Task material →
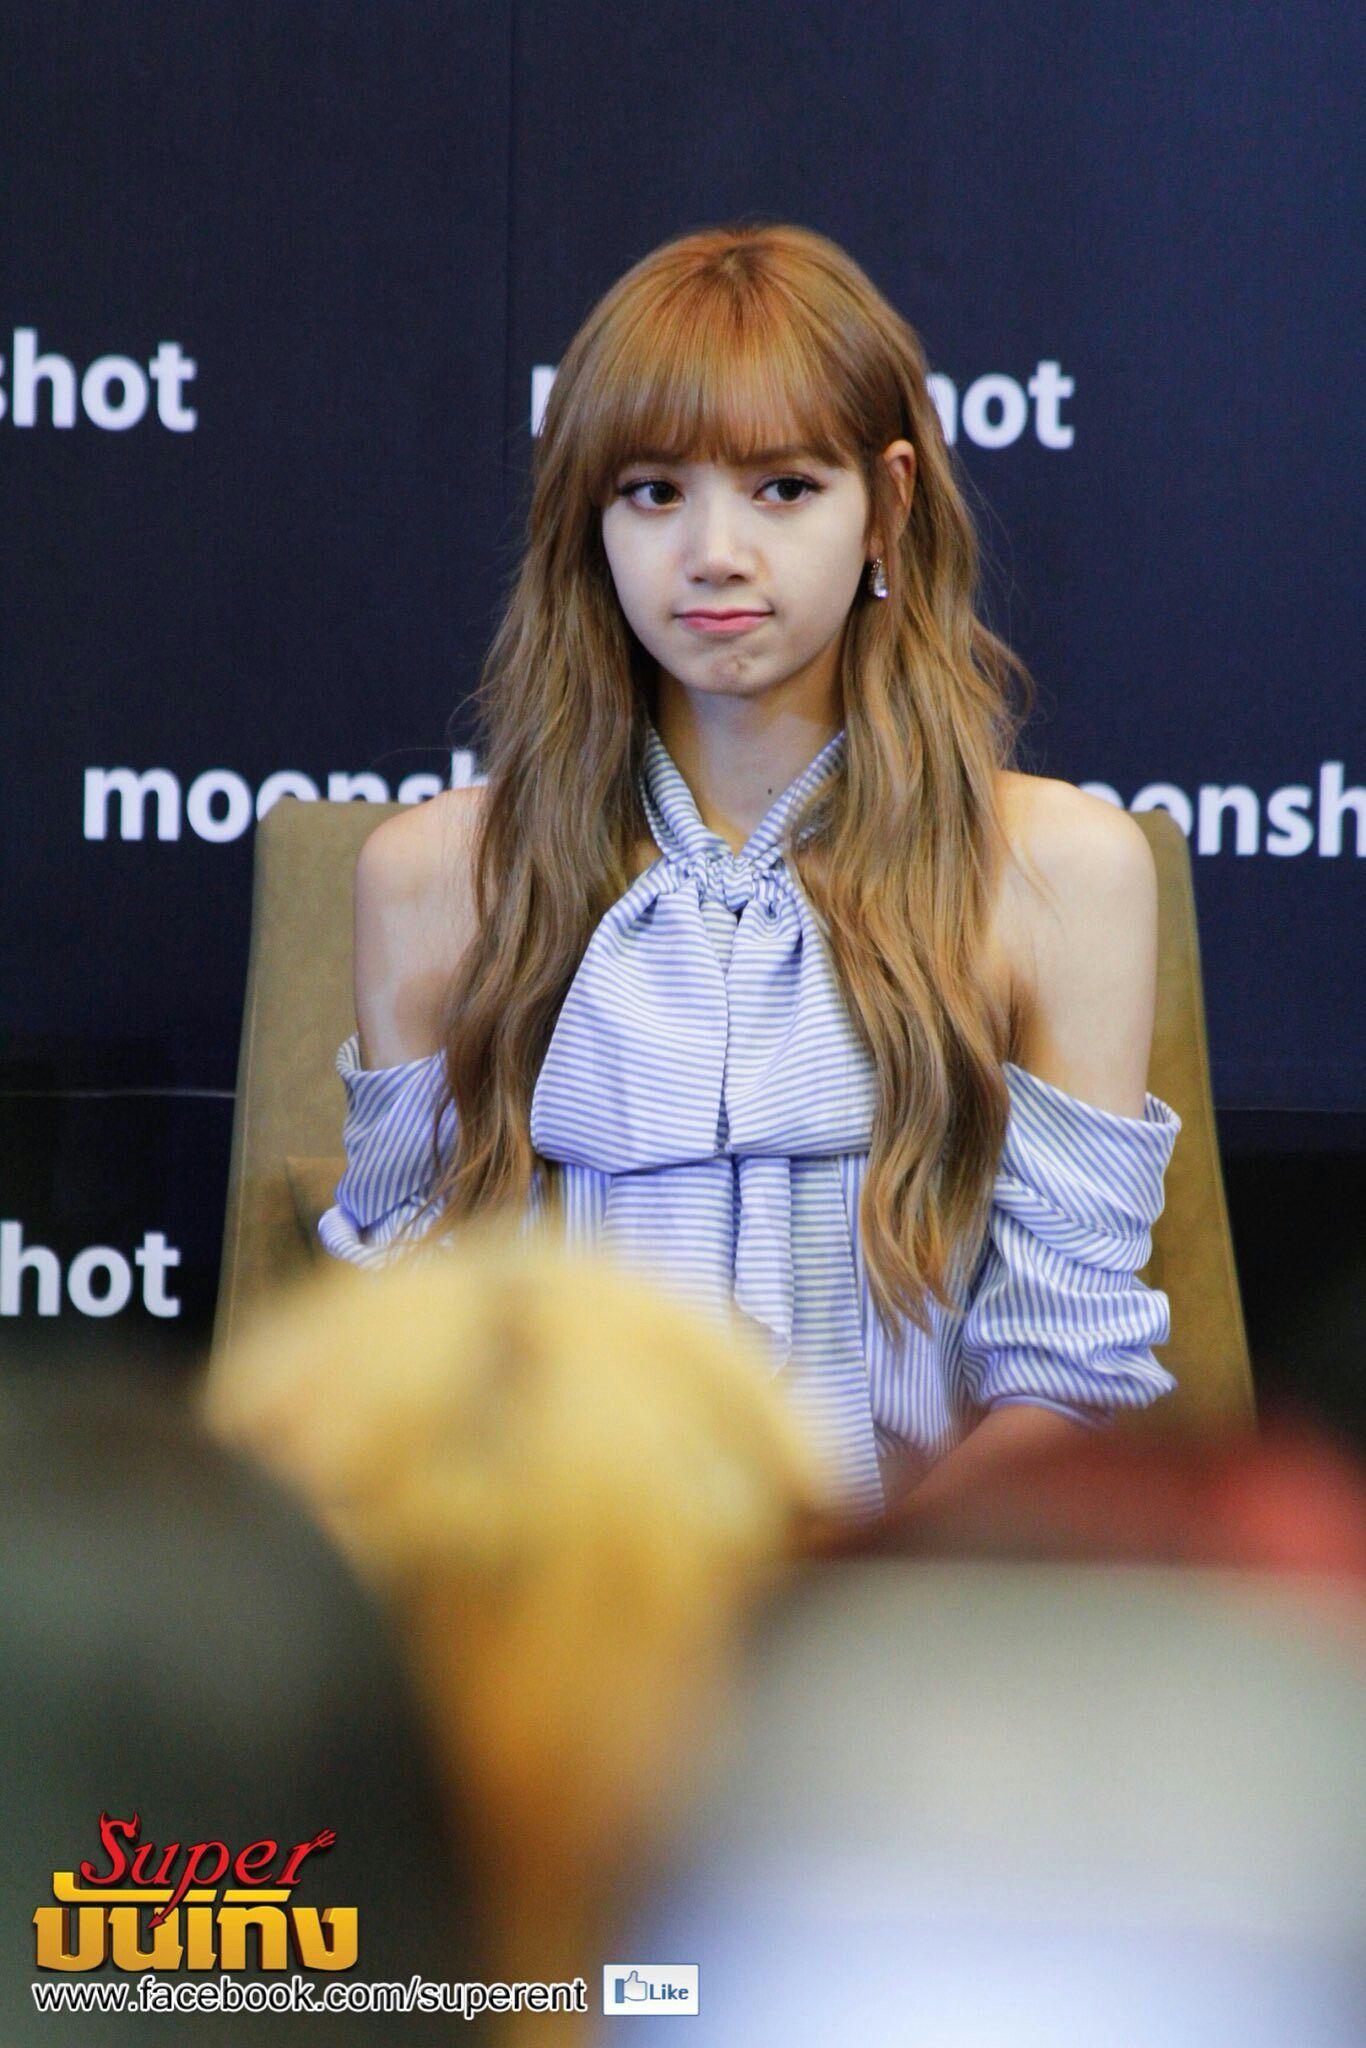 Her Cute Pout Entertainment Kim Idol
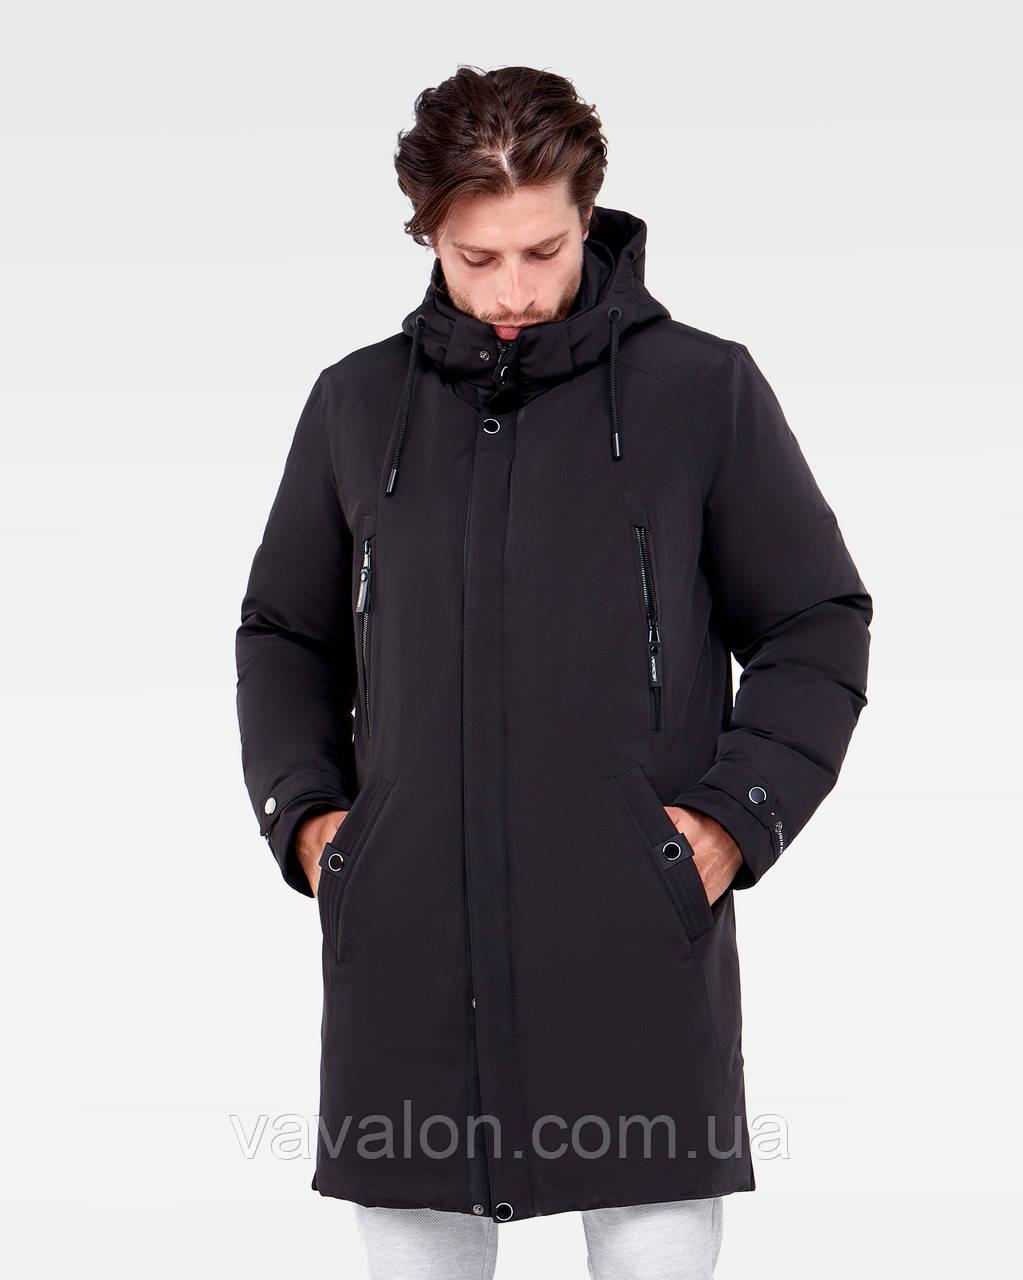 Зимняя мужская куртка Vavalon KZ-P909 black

--

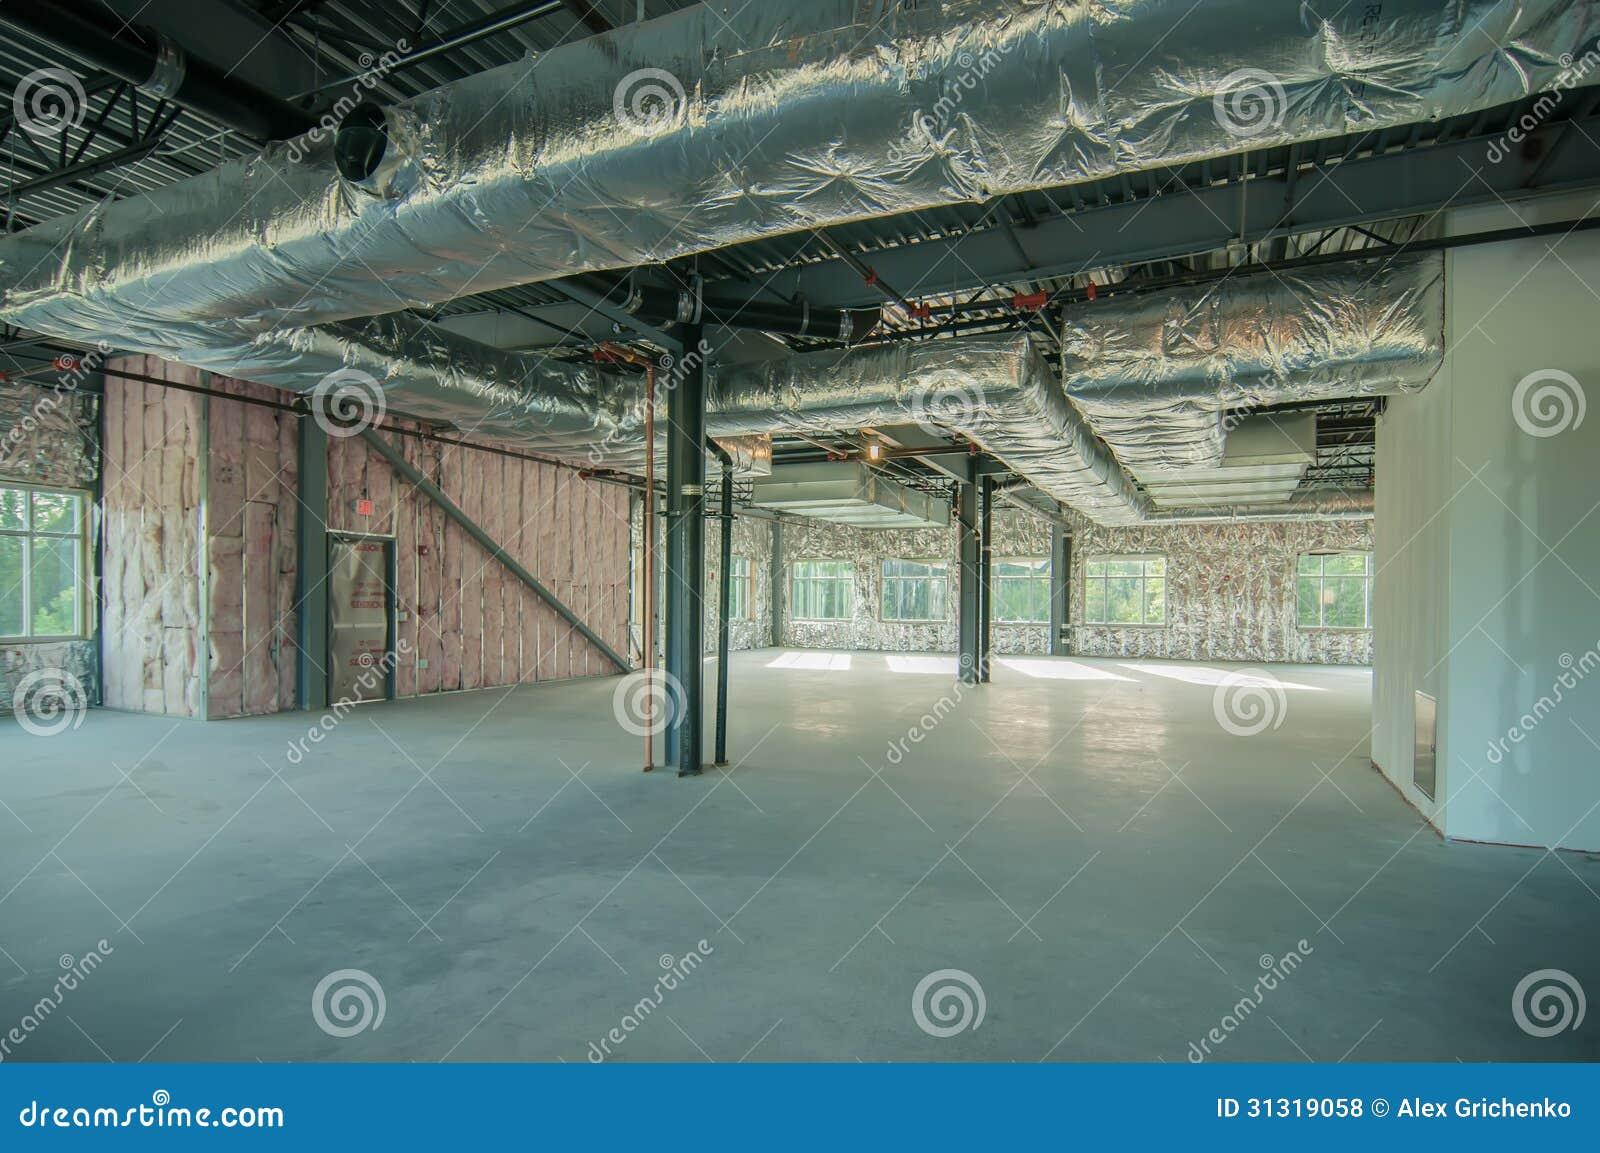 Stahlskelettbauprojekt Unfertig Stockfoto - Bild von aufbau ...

--

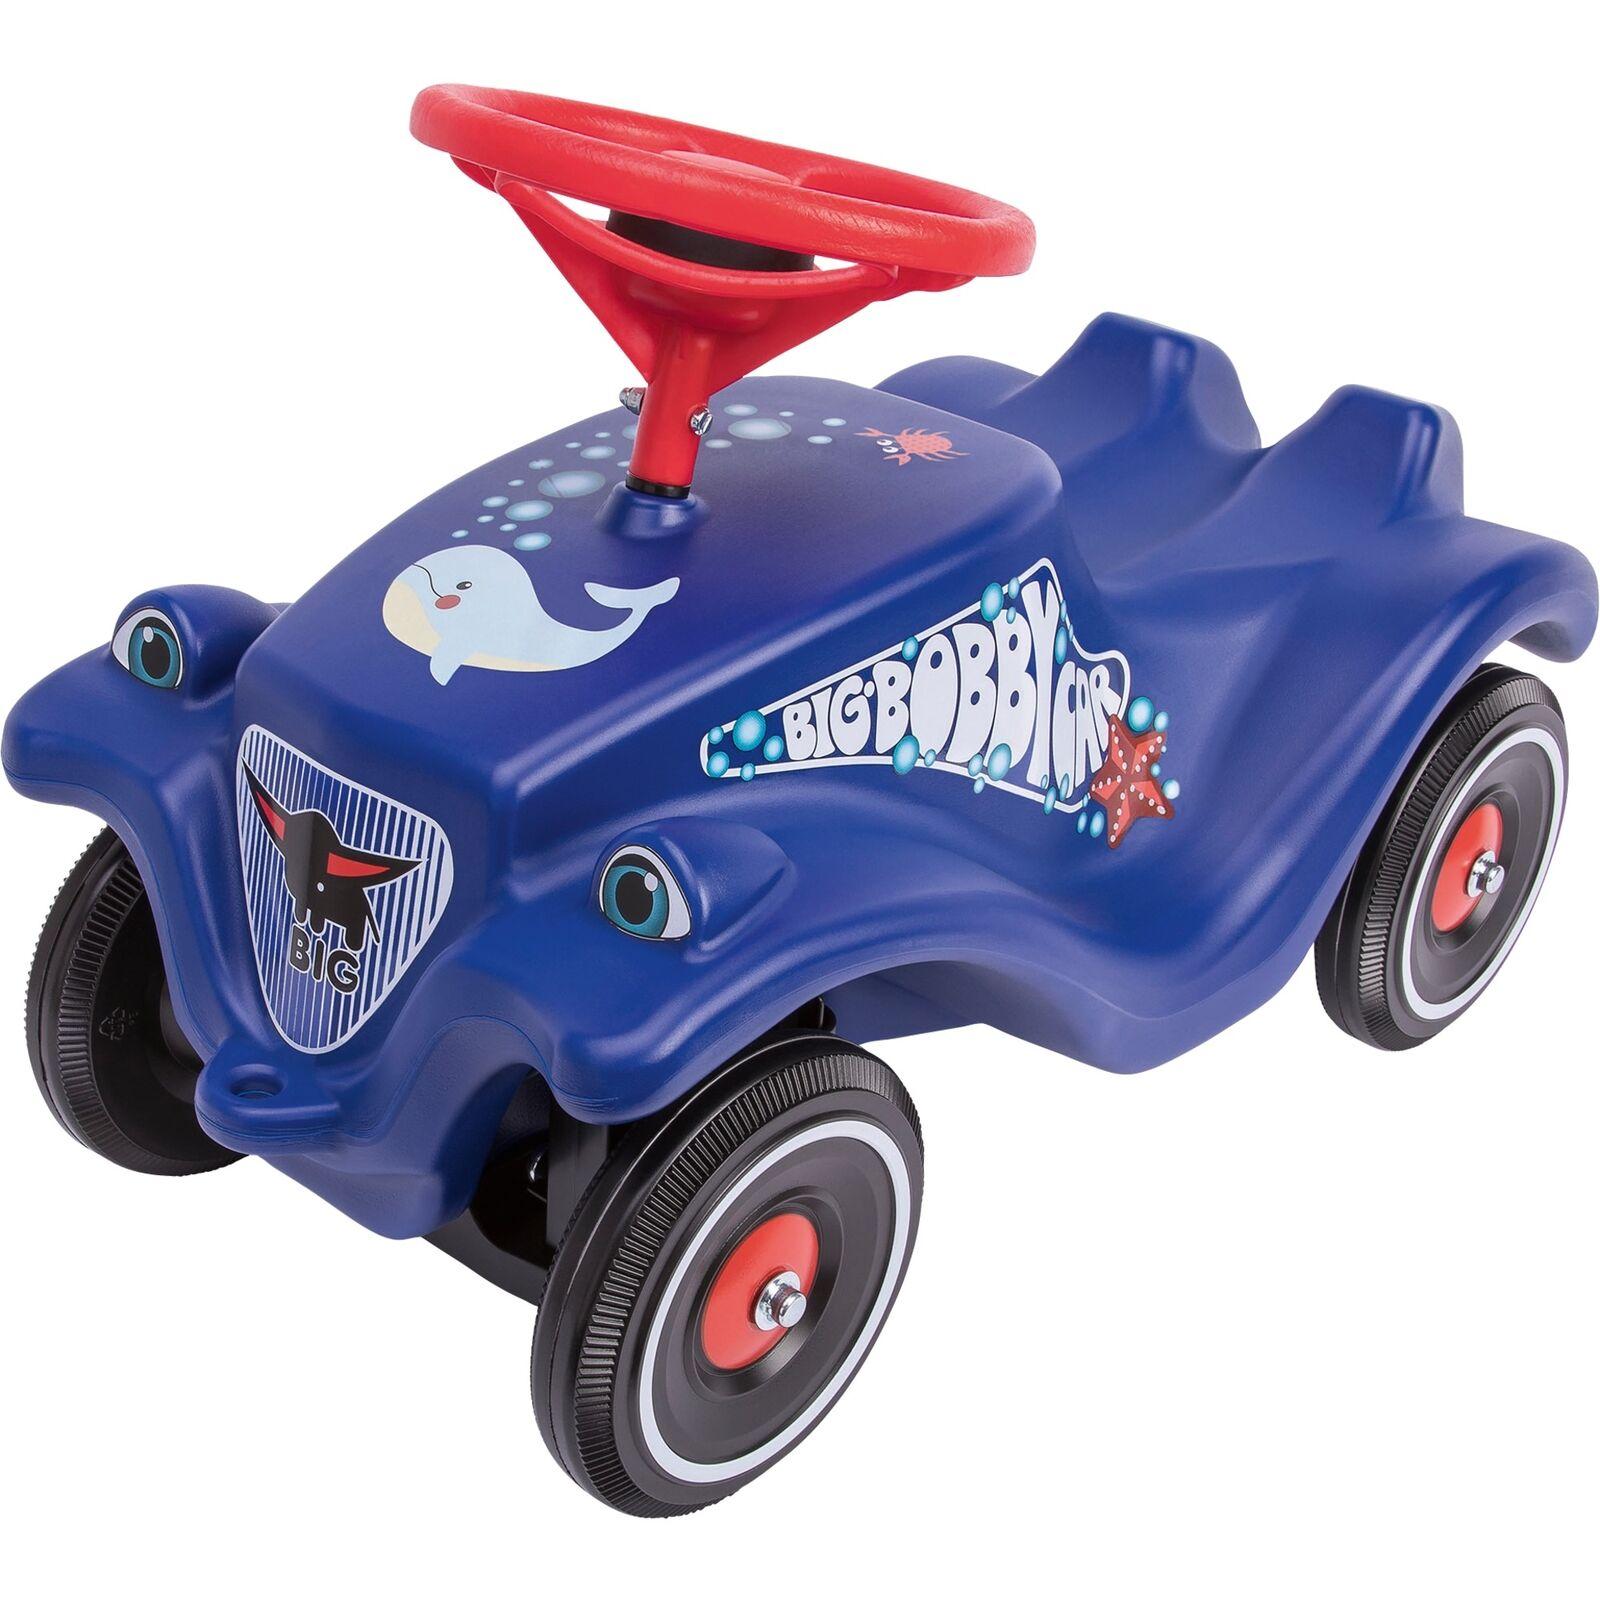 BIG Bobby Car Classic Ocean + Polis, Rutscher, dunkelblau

Exercise goal →
The reply should hold the entries above from the line with "Her Cute Pout Entertainment Kim Idol" to the line with "Зимняя мужская куртка Vavalon KZ-P909 black", duplicated exactly, pictures excluded.

Answer box →
 Her Cute Pout Entertainment Kim Idol
 Зимняя мужская куртка Vavalon KZ-P909 black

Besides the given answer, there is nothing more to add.